The result of this plot reveals self-similar patterns in which any magnified part looks just like the larger section from which it was taken. Even though we see chaos on the surface, at deeper levels we observe that the elements are creating an emerging order of self-similar patterns, where in different scales they display the same degree of order. The most surprising quality of fractals is that they are created by repeating basic operational rules which signifies a deep simplicity at the core of this complex universe. 

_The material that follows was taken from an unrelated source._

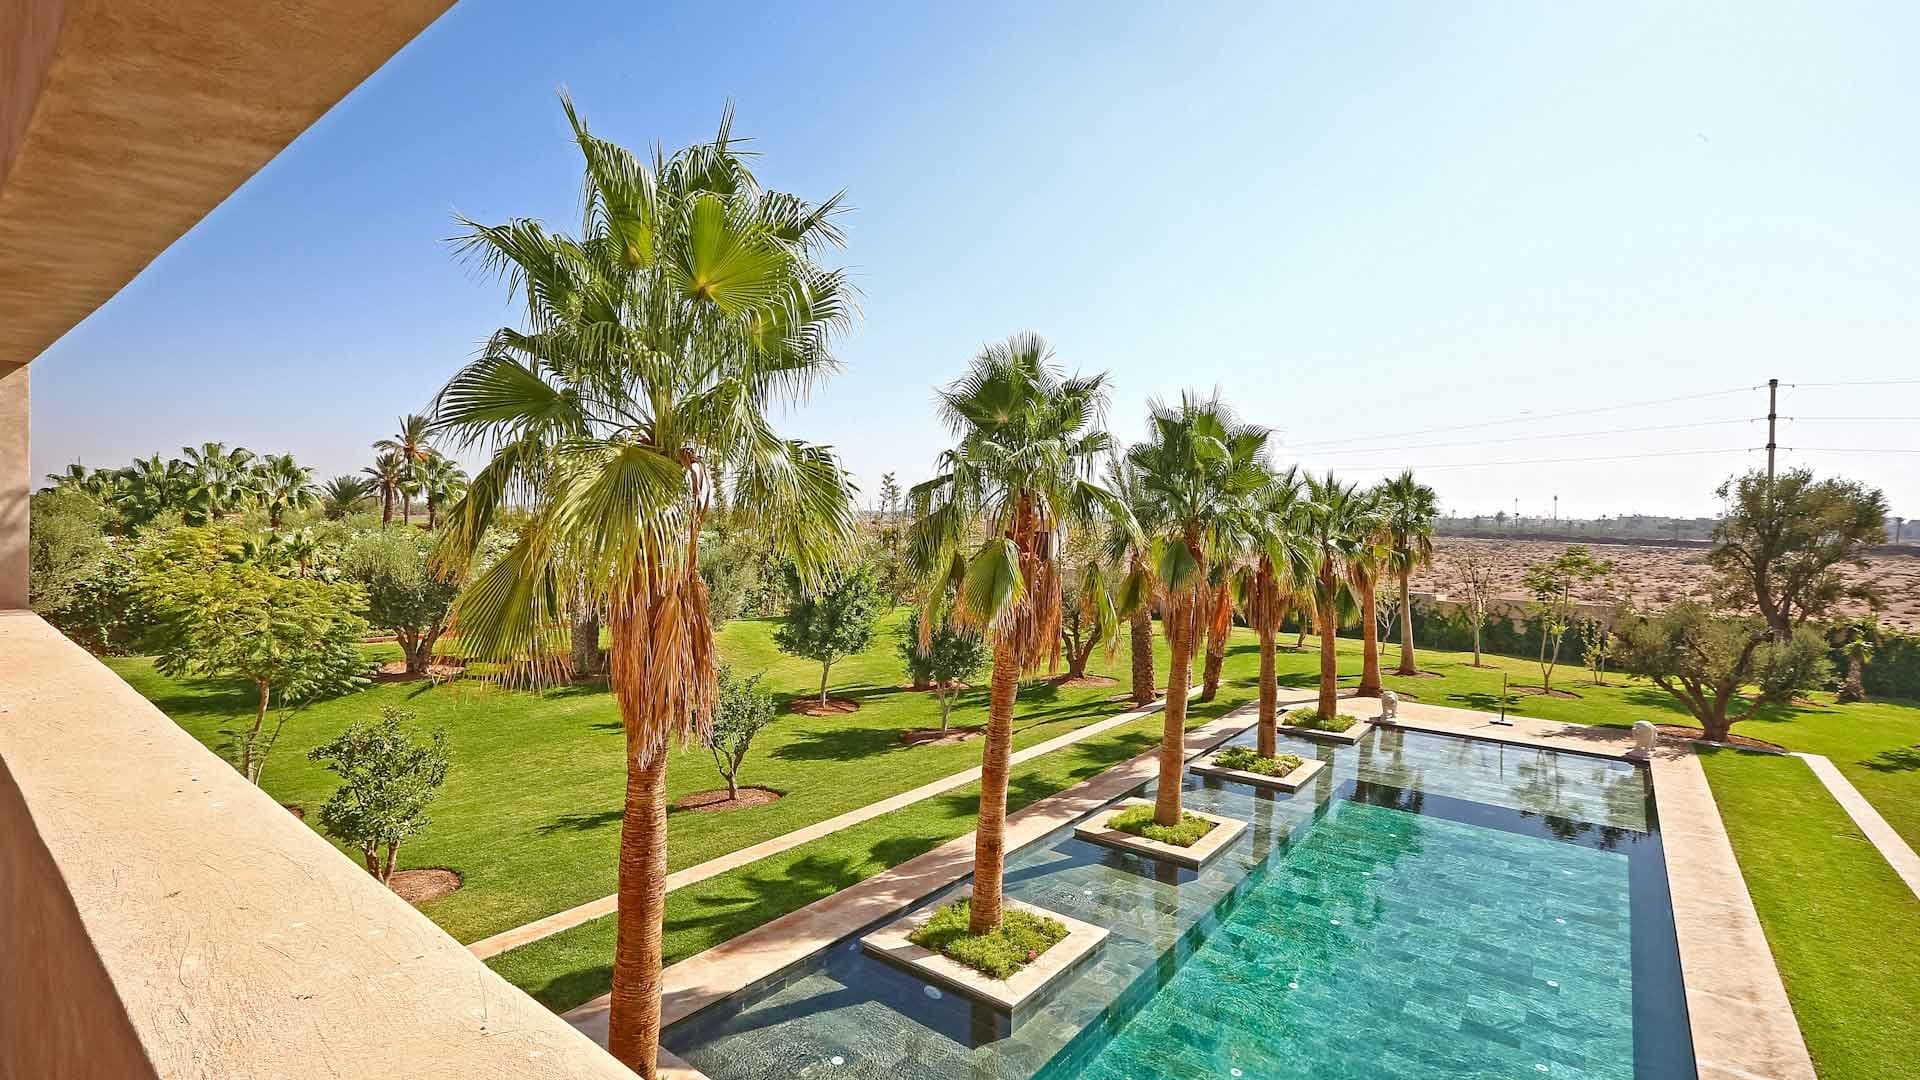 6 Bedroom Villa For Sale Marrakech Lp08723 248ce9a5481e3800.jpg

Fractal mathematics is geometry of the real world, which has rough or irregular surfaces. In contrast, Euclidean geometry is based on the assumption that surfaces are smooth (planes have only two dimensions). Euclidean geometry assumes that structures exist only in whole dimensions (1, 2, 3), but fractal geometry allows us to explain the fractional dimensions that exist in the real world (e.g., a snowflake’s dimension is 4/3). Fractal geometry describes chaotic transition. Fractal mathematics is one of the greatest achievements of the human mind in the digital age.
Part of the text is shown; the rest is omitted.